> **What you will do**
An exact reproduction of the data below is expected, free of images.

(Stored data)

╭──

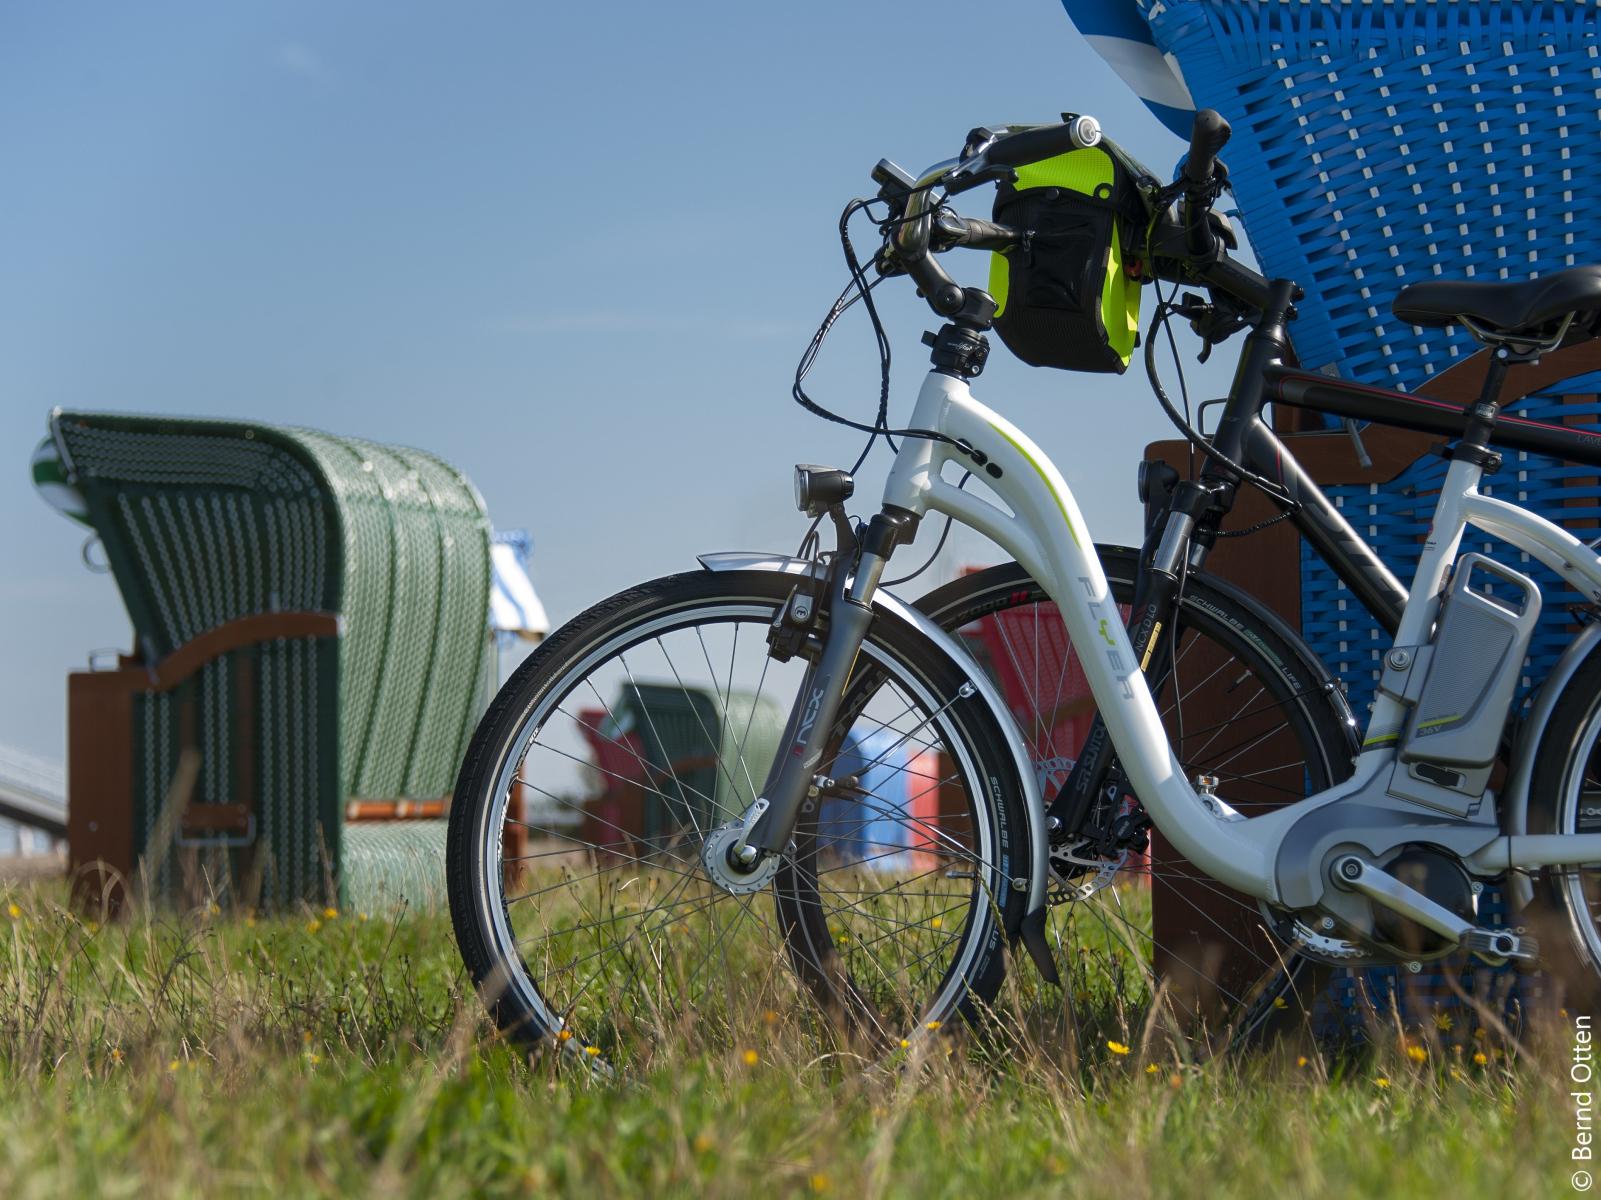 Fahrräder an den Strandkörben im Cuxland
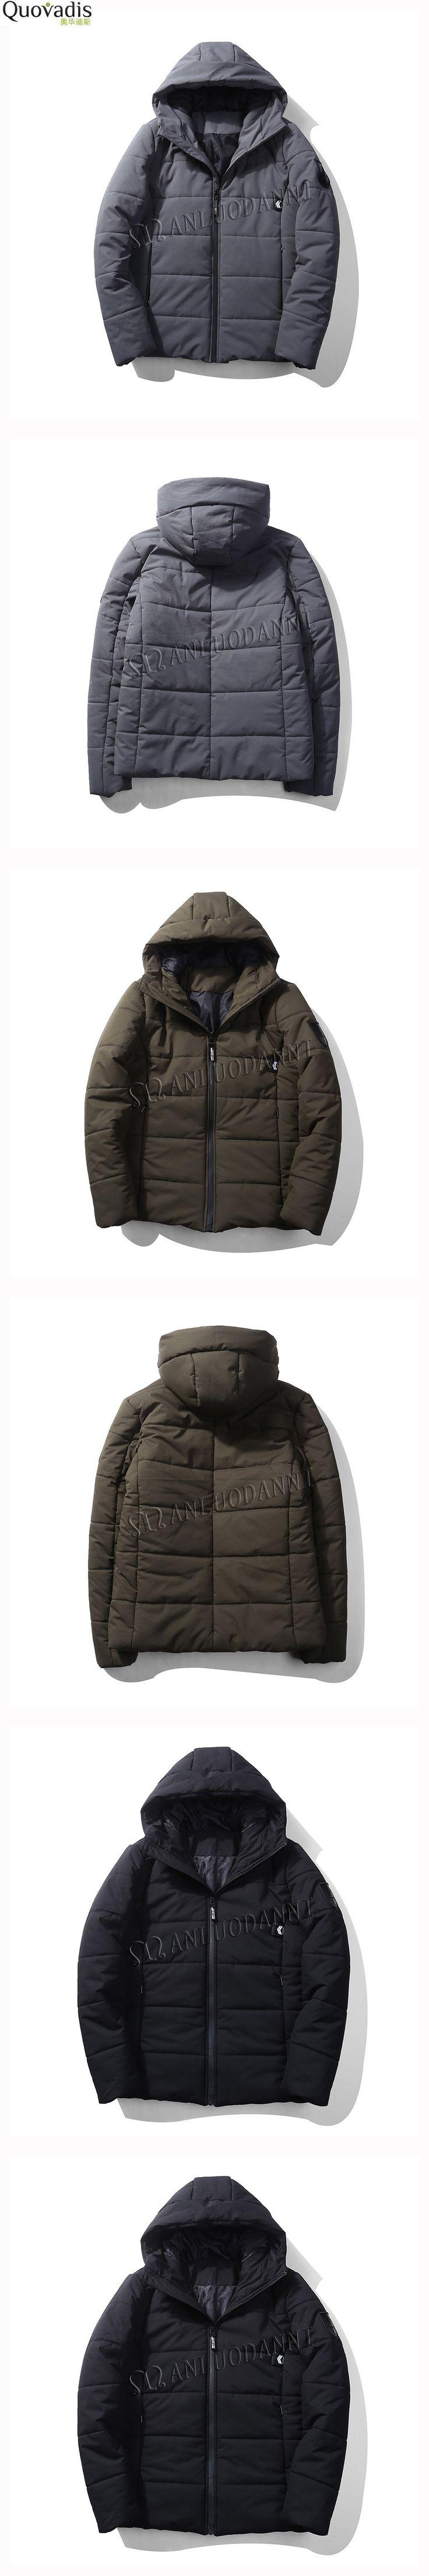 new Winter Cotton Cotton-padded Clothes Keep Warm down Jacket men coat parkas parka hombre hood outerwear(China) plus size
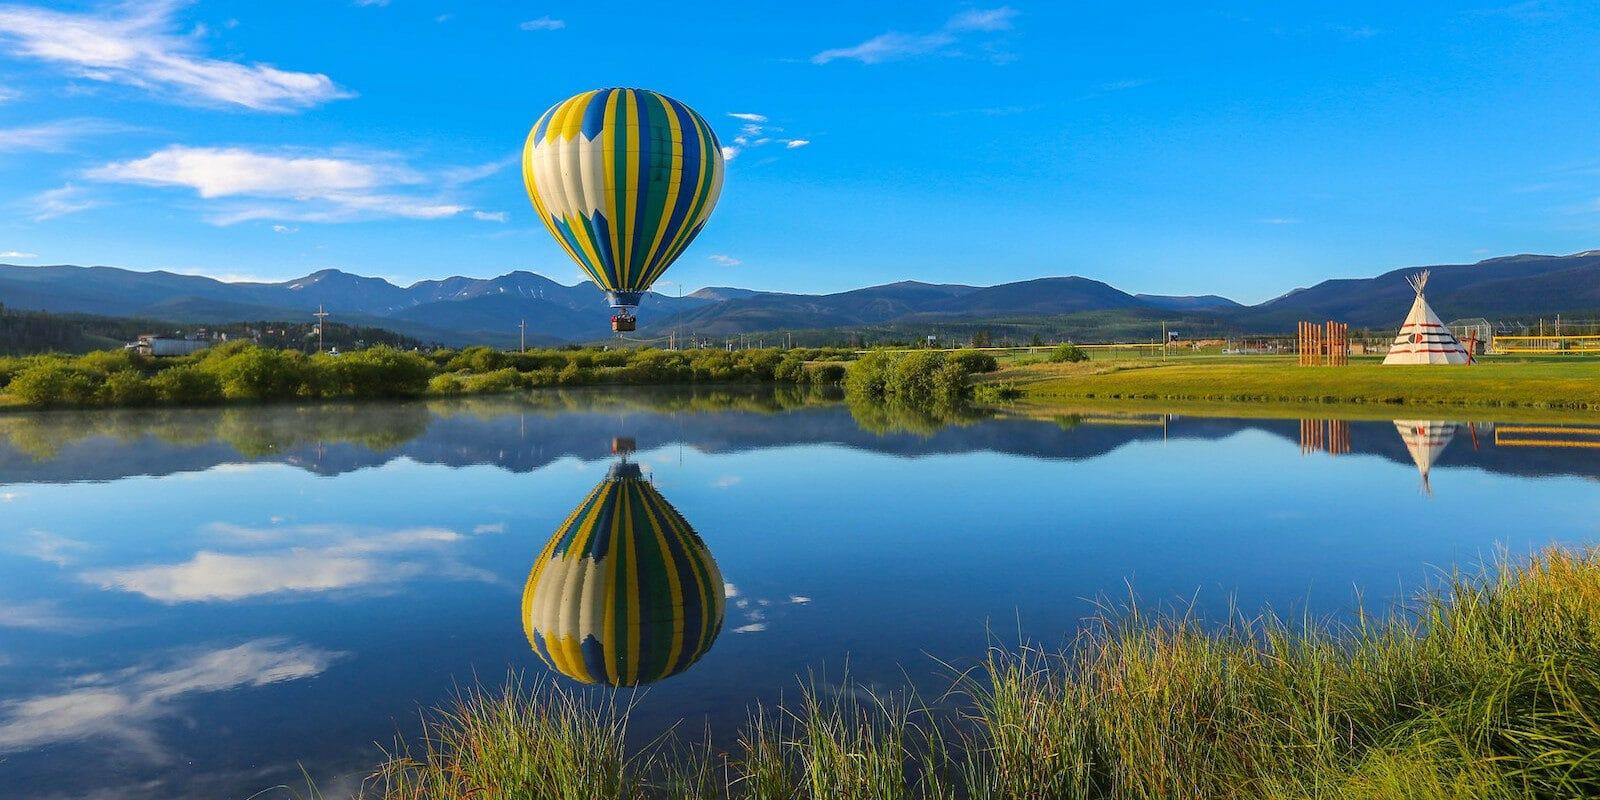 Image of a Grand Adventures Balloon Tours hot air balloon over water in Fraser, Colorado
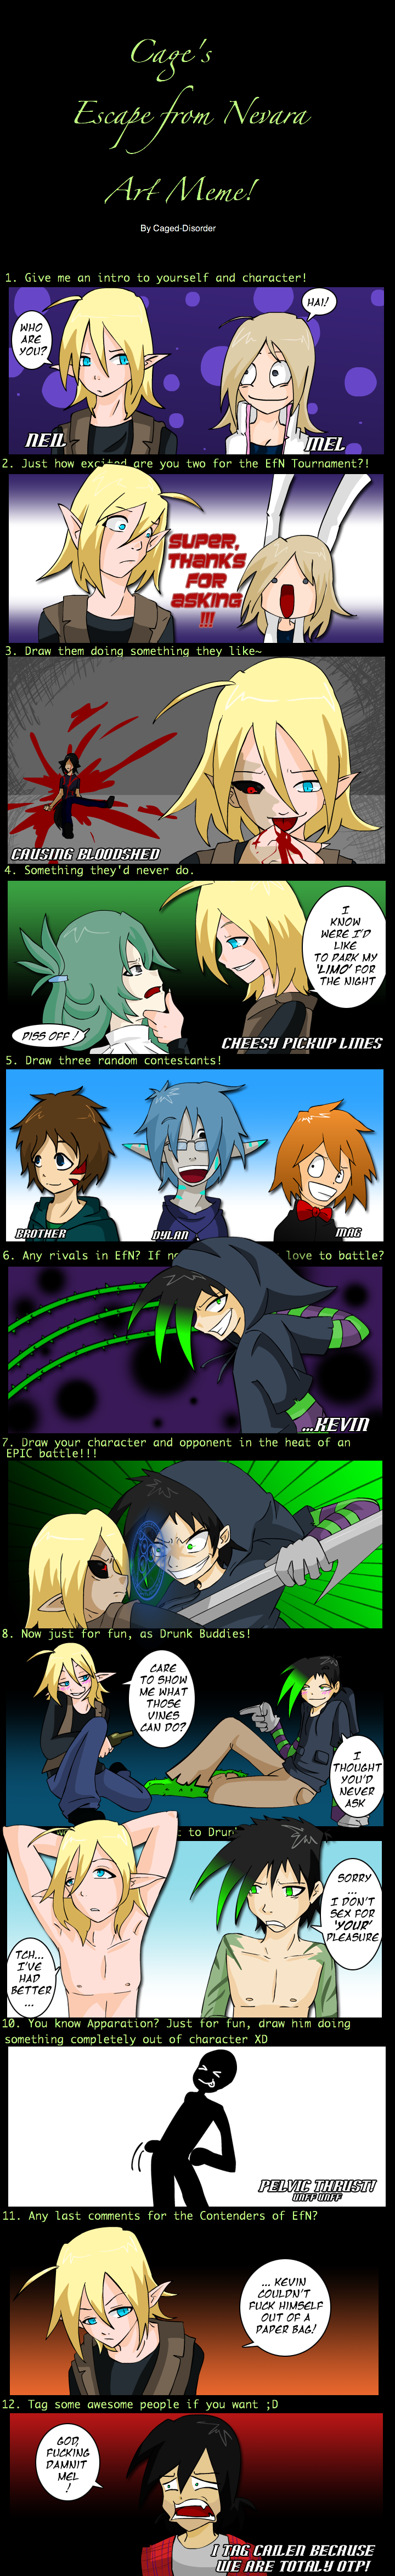 EFN Meme by kaitoiscool
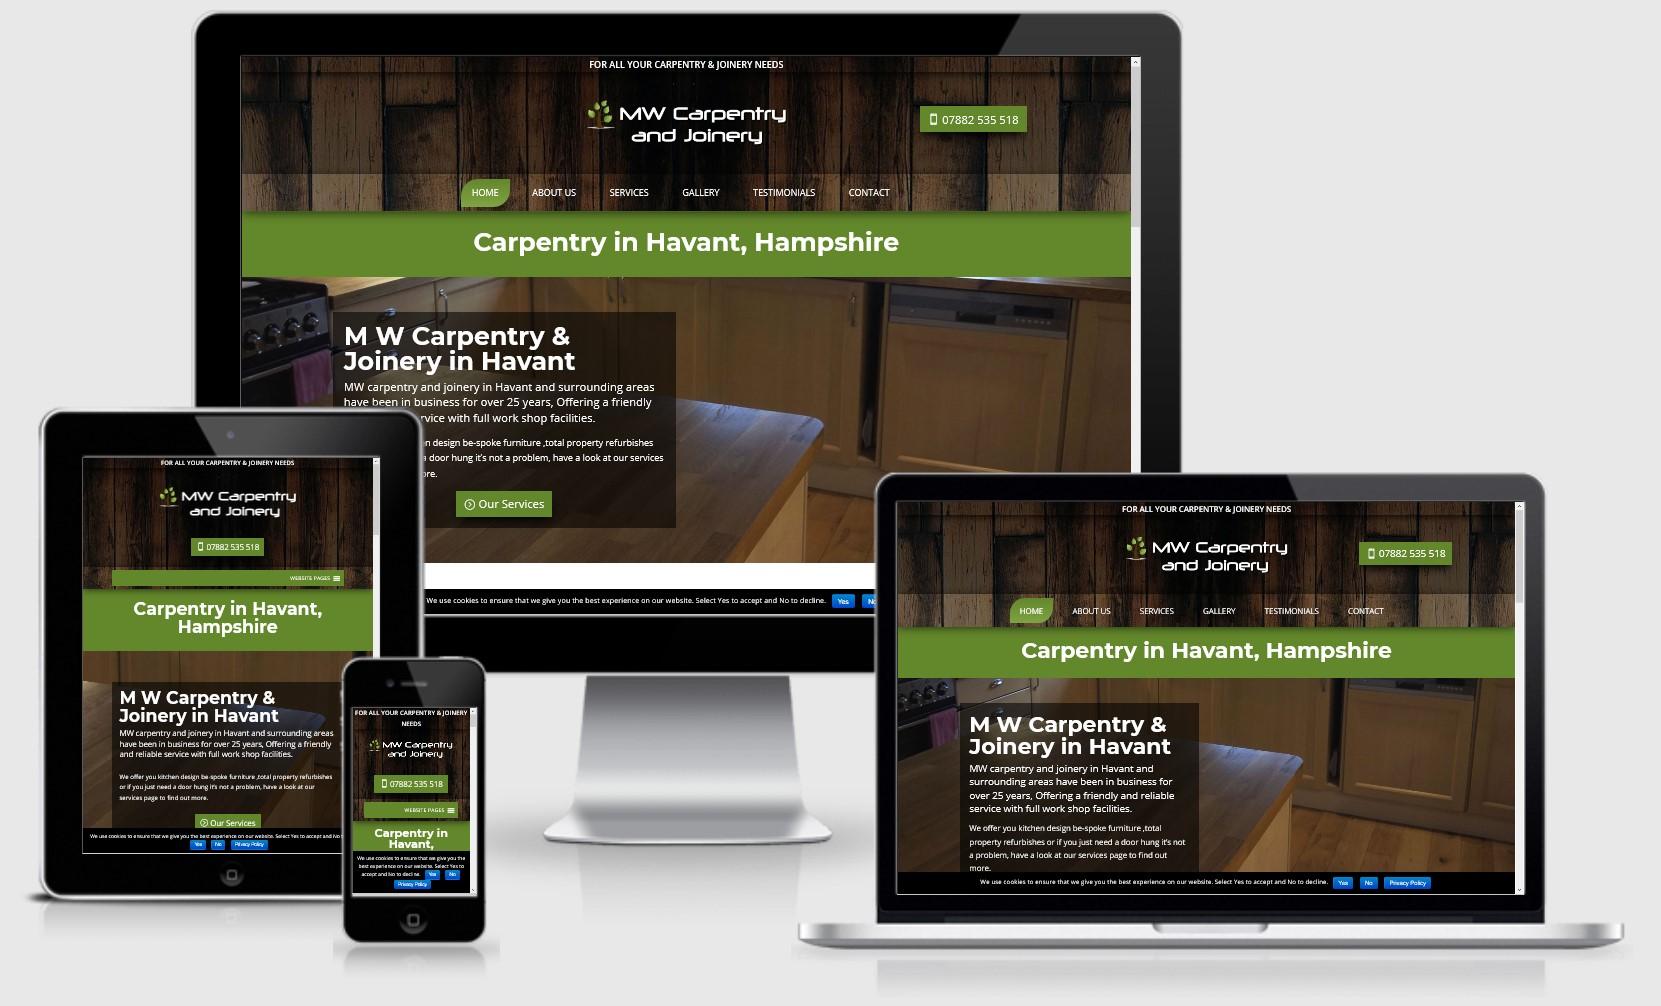 MW Carpentry Havant Website
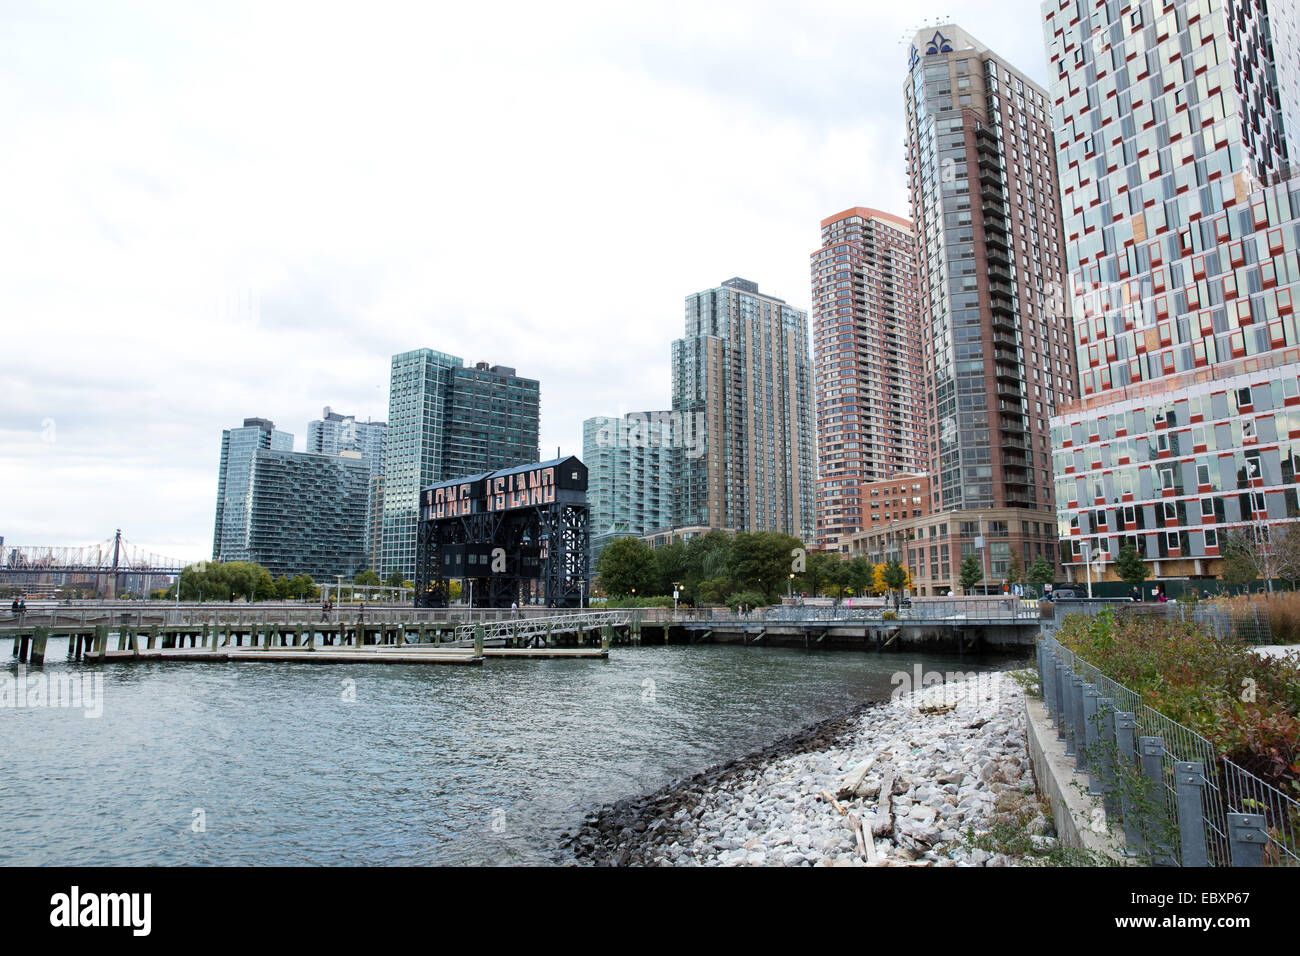 New Build Apartment Buildings Long Island

╰──

> **Response**
 Fahrräder an den Strandkörben im Cuxland
 new Winter Cotton Cotton-padded Clothes Keep Warm down Jacket men coat parkas parka hombre hood outerwear(China) plus size
 Image of a Grand Adventures Balloon Tours hot air balloon over water in Fraser, Colorado
 EFN Meme by kaitoiscool
 MW Carpentry Havant Website
 New Build Apartment Buildings Long Island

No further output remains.